All GUI methods should run on the main thread.
Are you using CATransitions somewhere in your code ?
Core Animation supports two types of transactions: implicit transactions and explicit transactions. Implicit transactions are created automatically when the layer tree is modified by a thread without an active transaction and are committed automatically when the thread's run-loop next iterates. Explicit transactions occur when the the application sends the CATransaction class a begin message before modifying the layer tree, and a commit message afterwards.
It seems that implicit transactions can fire in background threads calling drawRect from there.
If there's some drawing going on in the main thread at the same time - you're in trouble.
In this case, [CATransaction begin] / [CATransaction commit] MAY help.
While running my application (which does a good bit of custom drawing) I get this error (it happens a good bit with no observable side effects, but I'd like to understand what's happening).
<Error>: kCGErrorIllegalArgument: CGSUnionRegionWithRect : Invalid region
<Error>: kCGErrorFailure: Set a breakpoint # CGErrorBreakpoint() to catch
errors as they are logged.
So I set that breakpoint and get this stack.
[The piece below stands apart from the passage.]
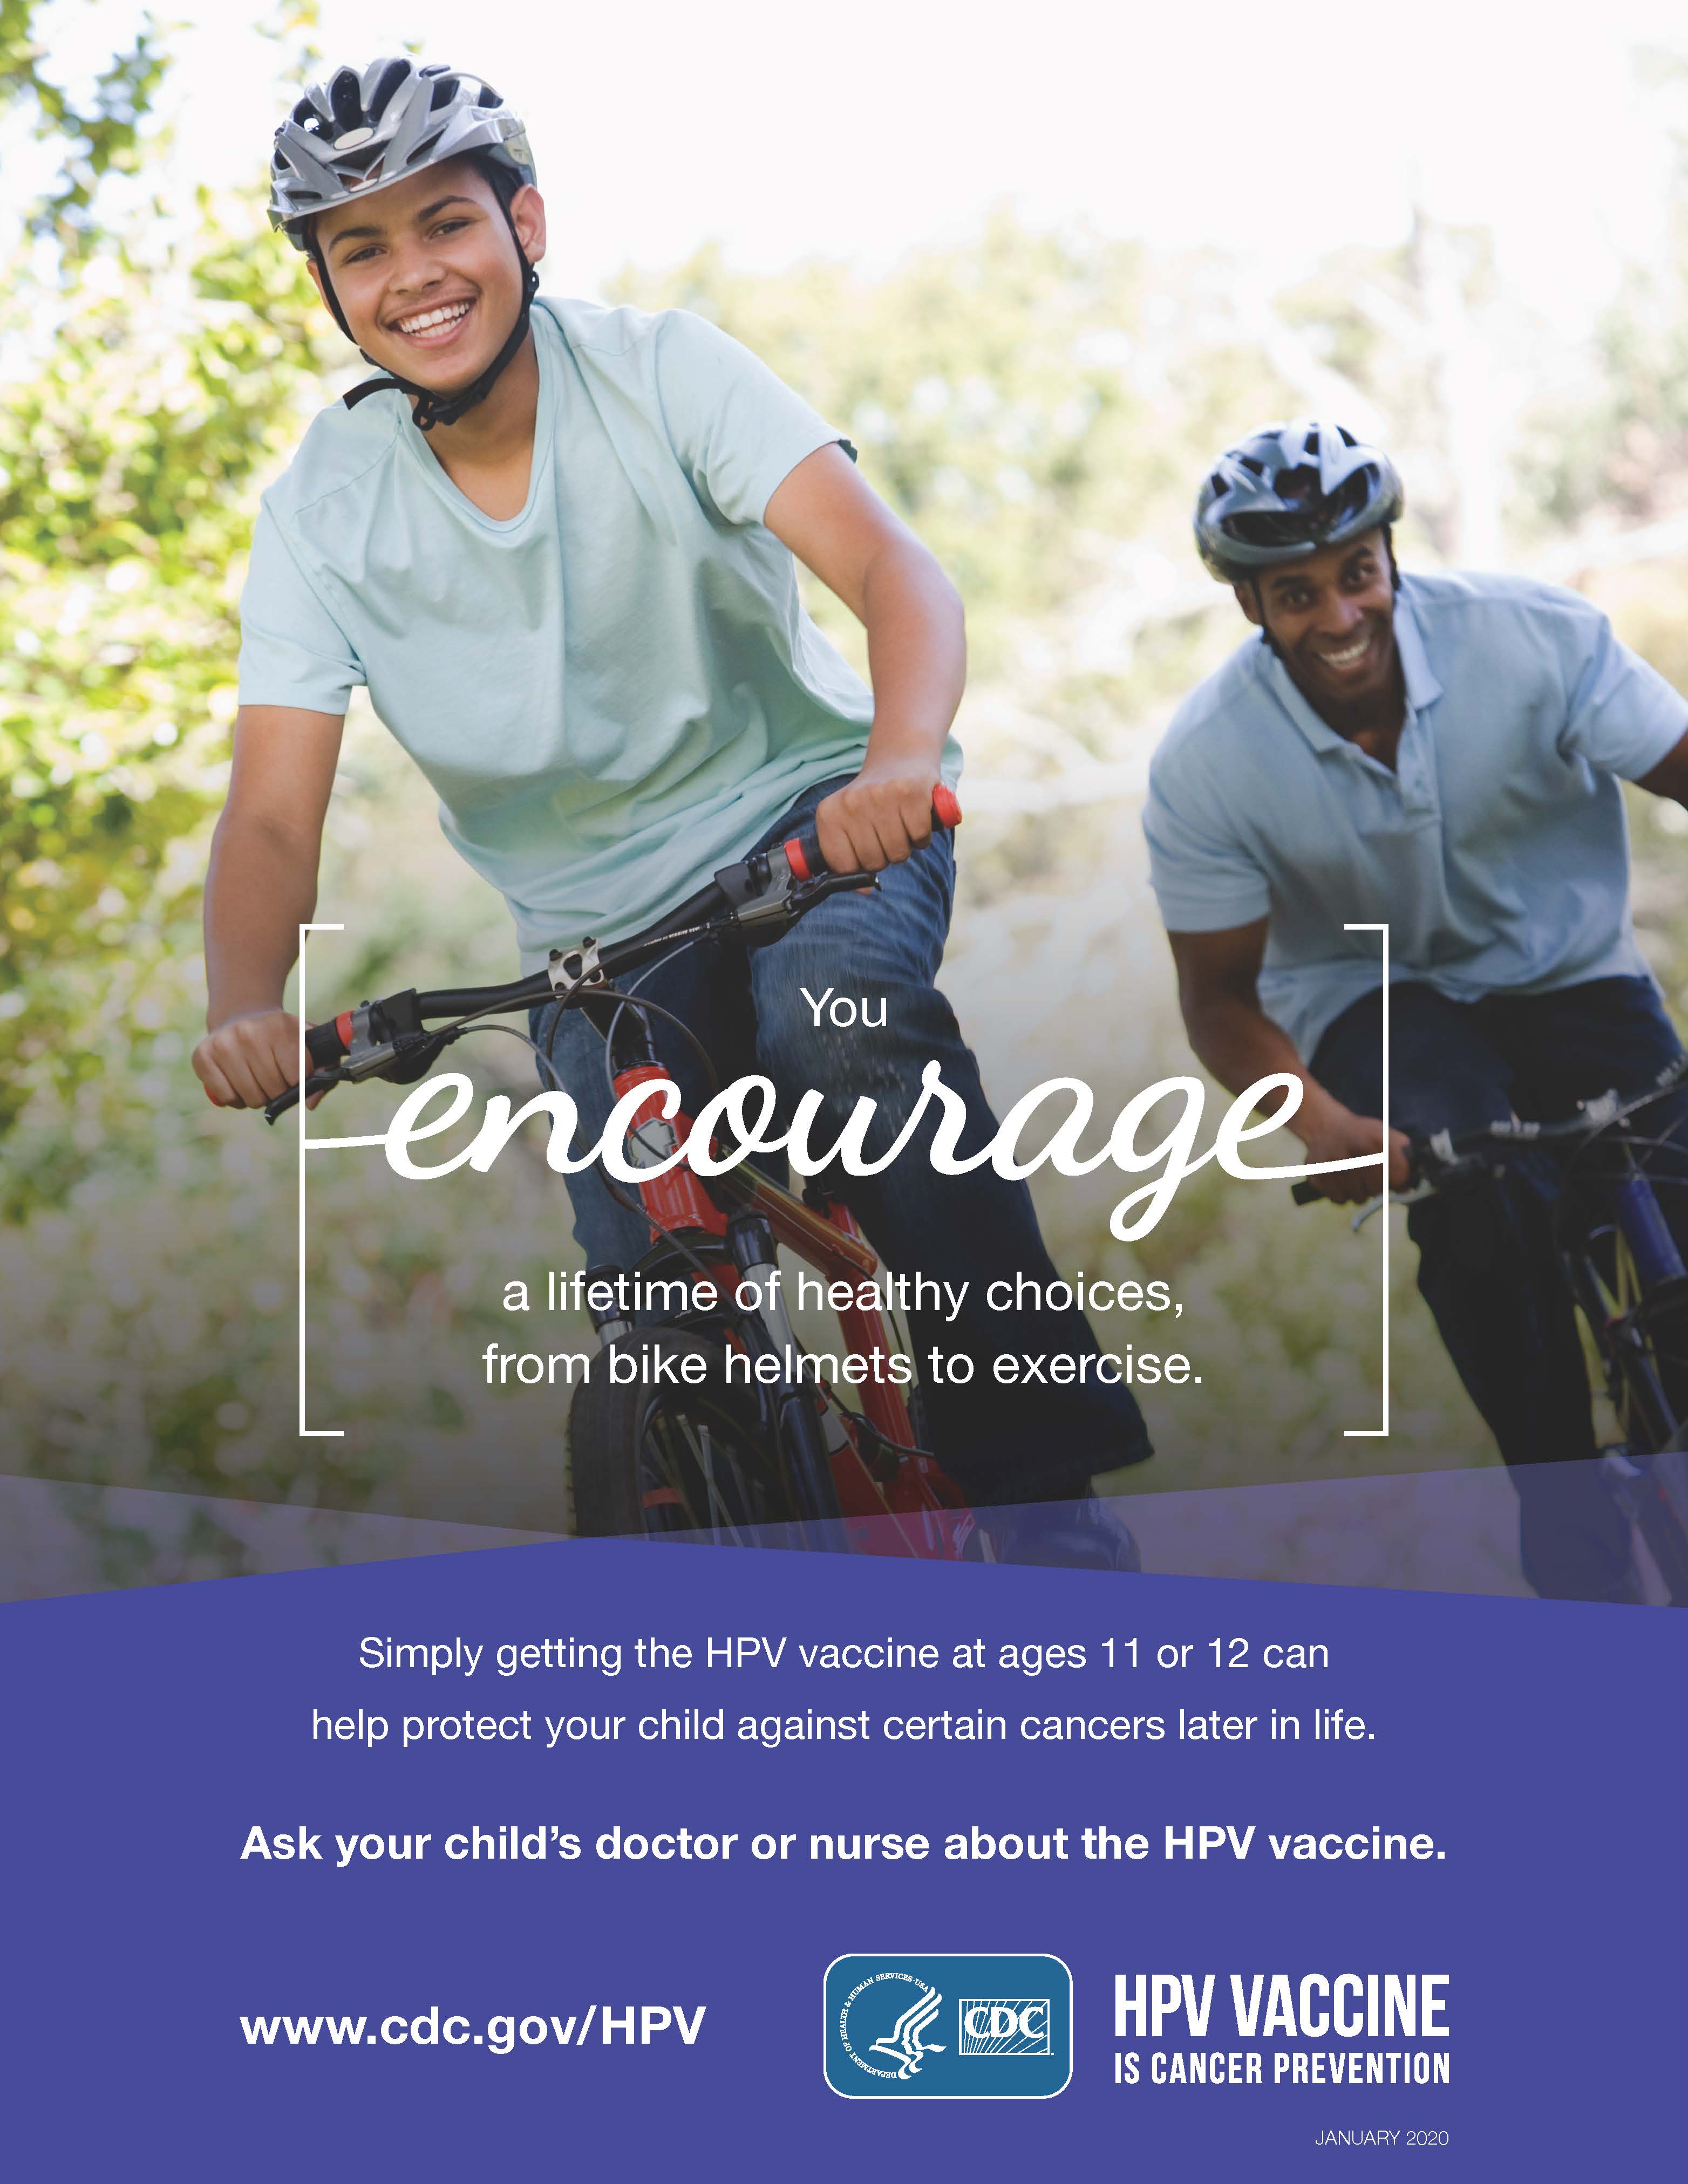 You encourage a lifetime of healthy choices, from bike helmets to exercise.

None of the stack frames are my code, though certainly I have overridden NSView's drawRect in some cases.
Has anyone seen this before or have insight as to what is happening?
#0 0x94bee5f2 in CGErrorBreakpoint ()
#1 0x94c831d8 in CGSGlobalErrorv ()
#2 0x94a64b61 in CGSUnionRegionWithRect ()
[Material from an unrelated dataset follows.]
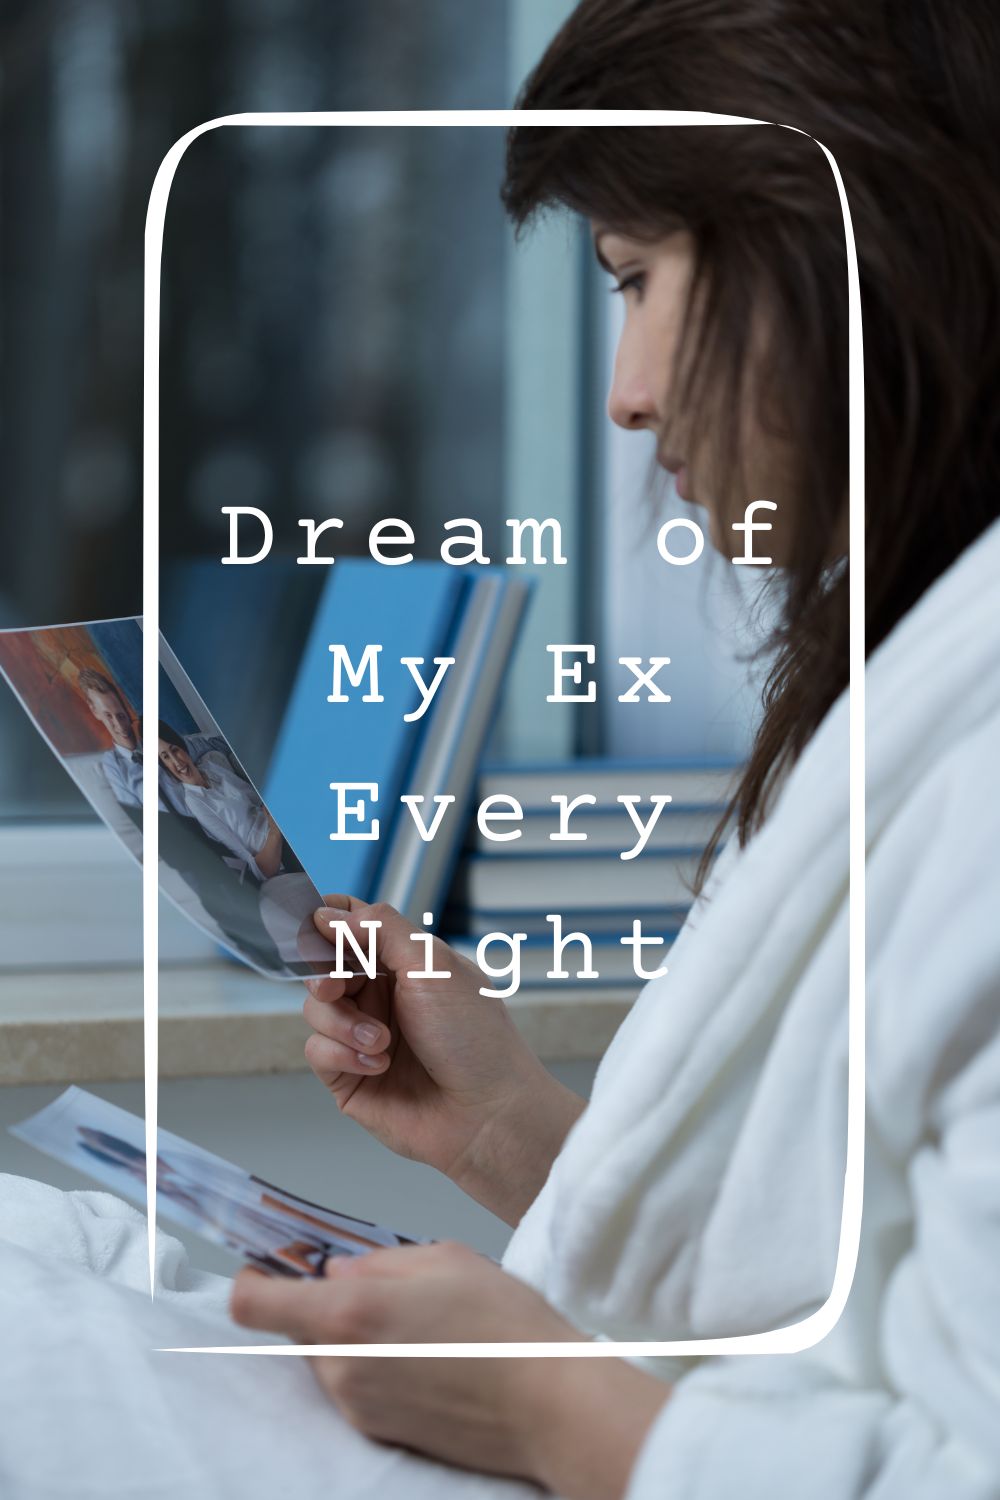 8 Dream of My Ex Every Night Meanings1

#3 0x912a2a70 in -[NSRegion addRegion:] ()
#4 0x912a28c1 in -[NSWindow _setNeedsDisplayInRegion:] ()
#5 0x911f3548 in -[NSWindow _absorbDeferredNeedsDisplayRegion] ()
#6 0x911f2113 in -[NSView _sendViewWillDrawInRect:clipRootView:suppressRecursion:] ()
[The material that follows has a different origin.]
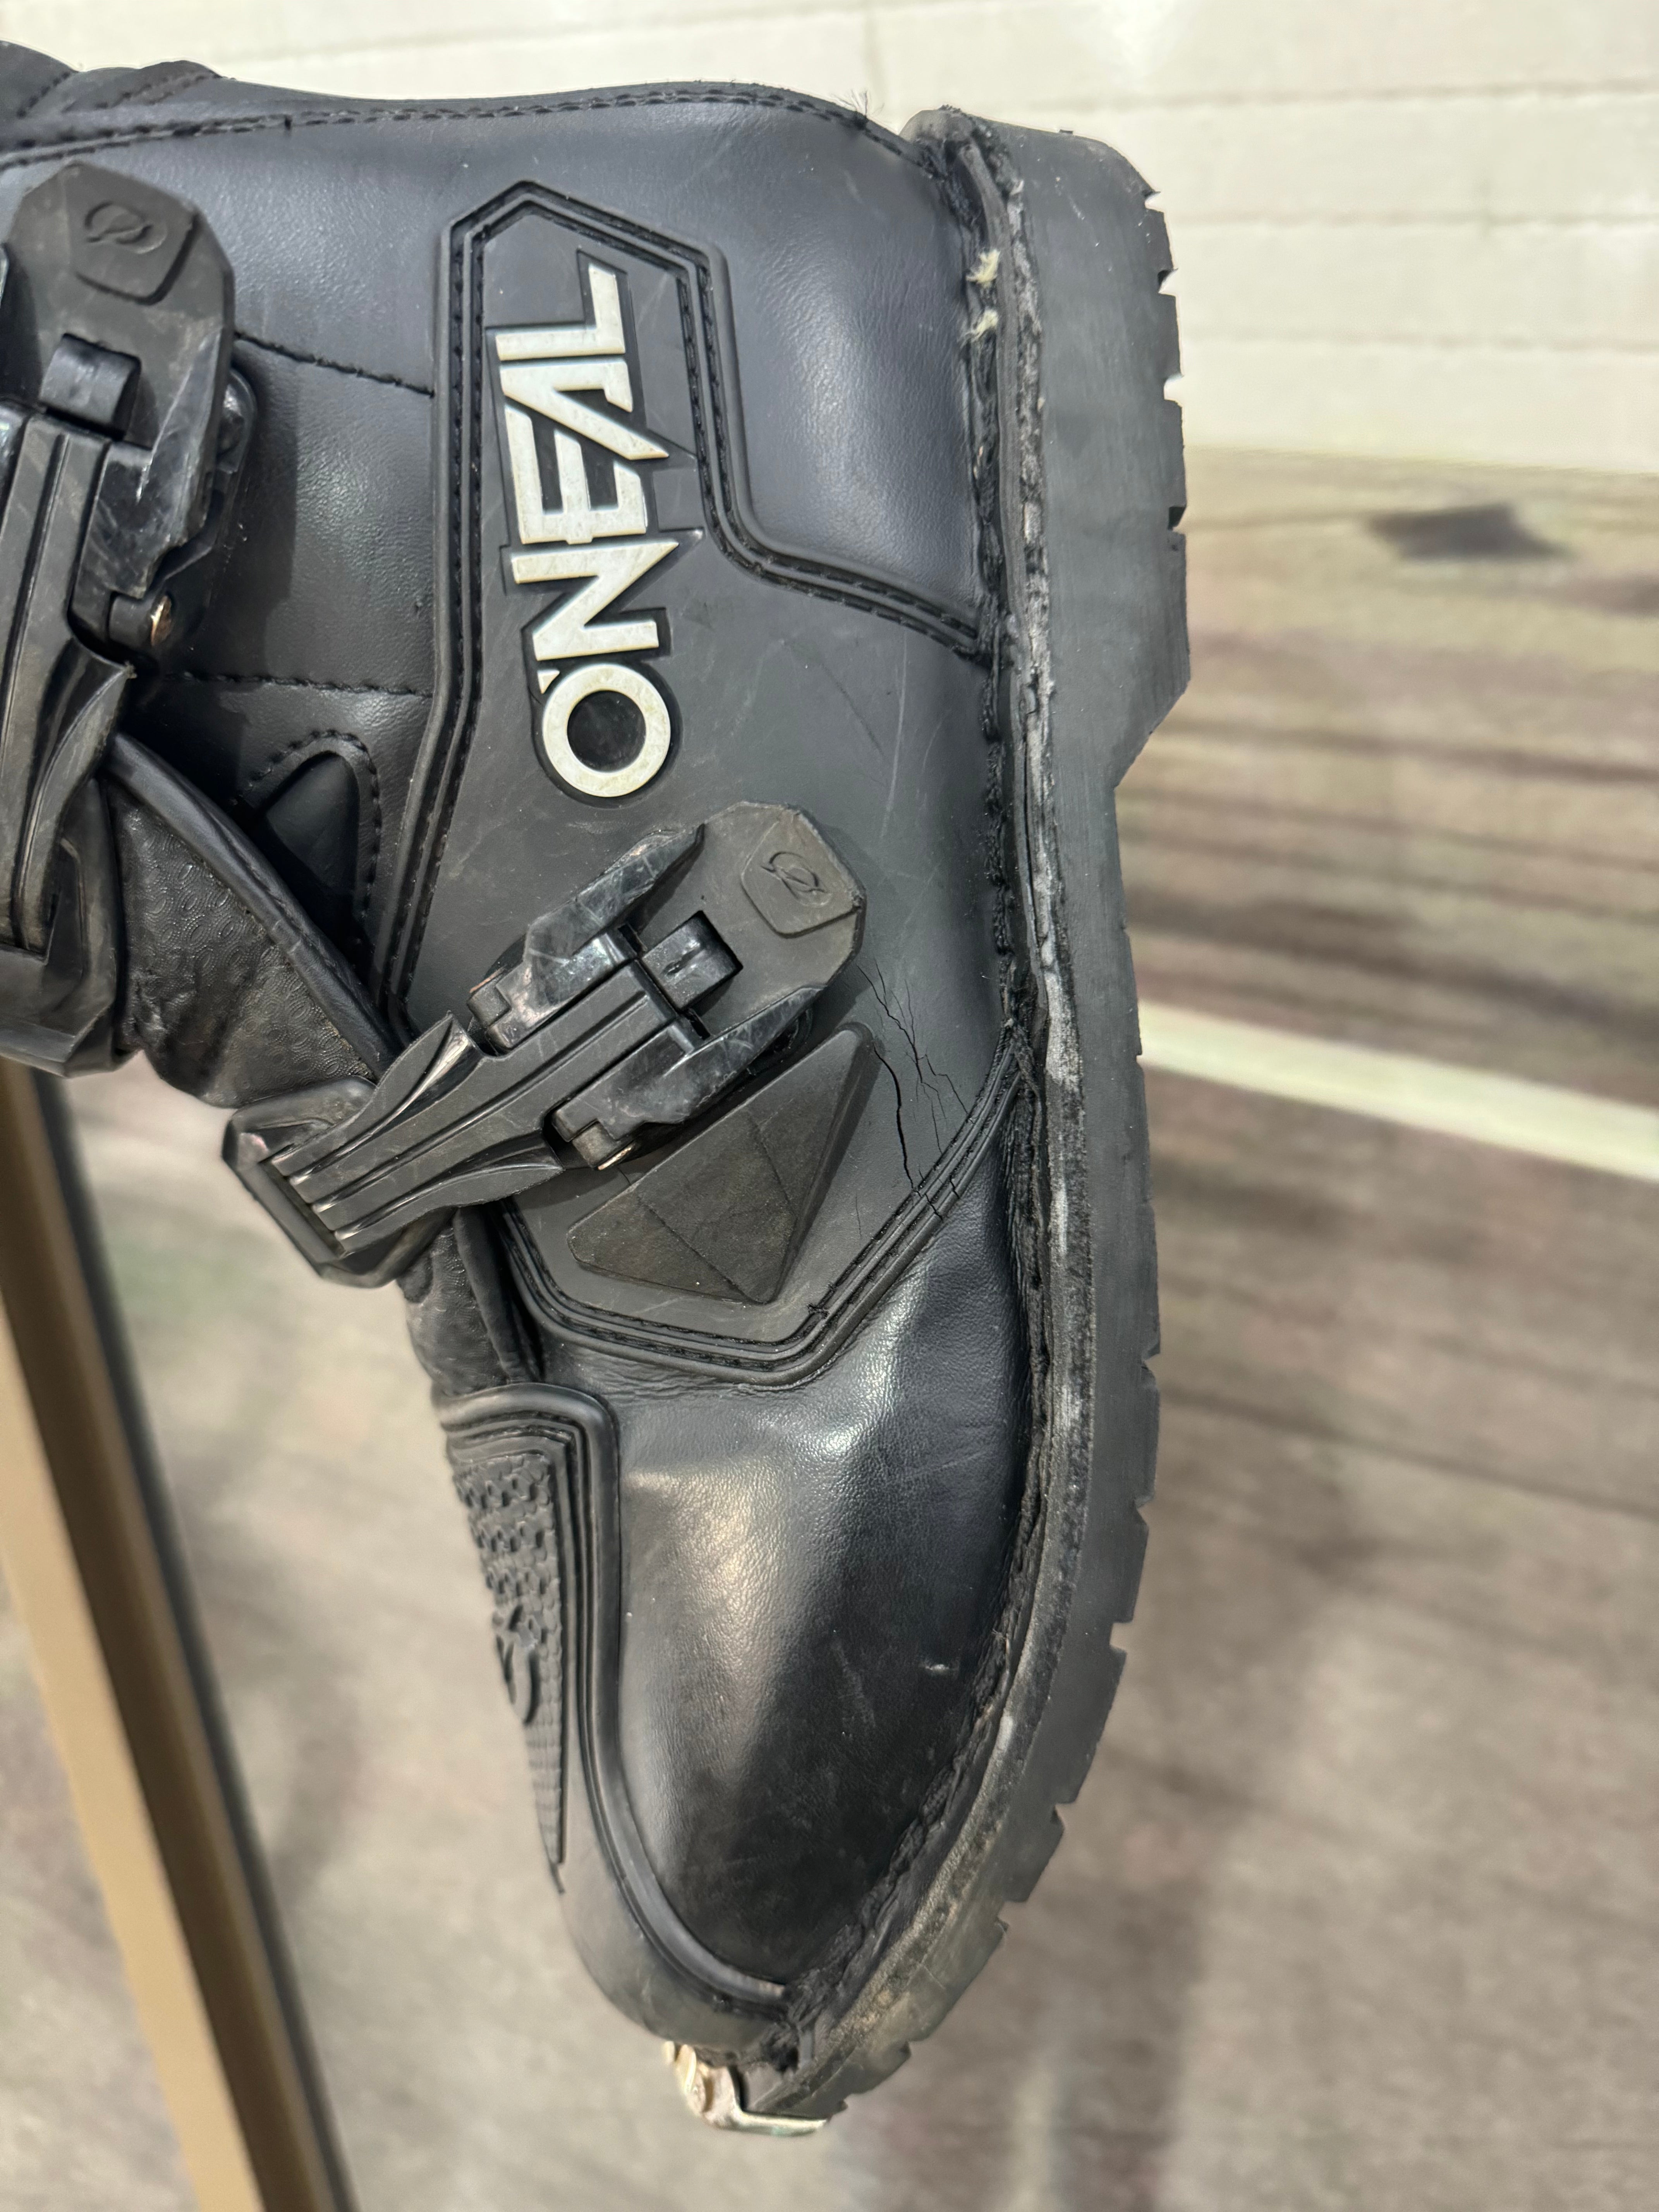 Pre-Loved (USED) O'Neal Rider Black/Black Boots (UK 8)

#7 0x91154ee9 in -[NSView displayIfNeeded] ()
#8 0x9111e292 in -[NSWindow displayIfNeeded] ()
#9 0x9114f764 in _handleWindowNeedsDisplay ()
#10 0x9408eb02 in __CFRunLoopDoObservers ()
#11 0x9404b65d in __CFRunLoopRun ()
#12 0x9404ad34 in CFRunLoopRunSpecific ()
#13 0x9404ab61 in CFRunLoopRunInMode ()
#14 0x97984fec in RunCurrentEventLoopInMode ()
#15 0x97984da3 in ReceiveNextEventCommon ()
#16 0x97984c28 in BlockUntilNextEventMatchingListInMode ()
#17 0x91125c95 in _DPSNextEvent ()
#18 0x9112550a in -[NSApplication nextEventMatchingMask:untilDate:inMode:dequeue:] ()
#19 0x910e769b in -[NSApplication run] ()
#20 0x910df735 in NSApplicationMain ()
#21 0x00002a4f in main (argc=0x1, argv=0xbffff4d4) at
/Users/me/Code/myapp/src/main.m:19
I recently had exactly the same message in the console.
In my case I was updating a progress indicator the wrong way.
My progress indicator was displayed on a sheet and I was not correctly dismissing the sheet.
The errors always popped up the second time I displayed the NSSheet with beginSheet
Are you using an NSSheet?
For me it worked to:
pass an didEndSelector to
beginSheet.
A [sheet close]; within that
selector
and finally a [NSApp endSheet] to dismiss the sheet
It turns out I was requesting the NSProgressIndicator to display from a non-main thread. Once I removed this the messages went away.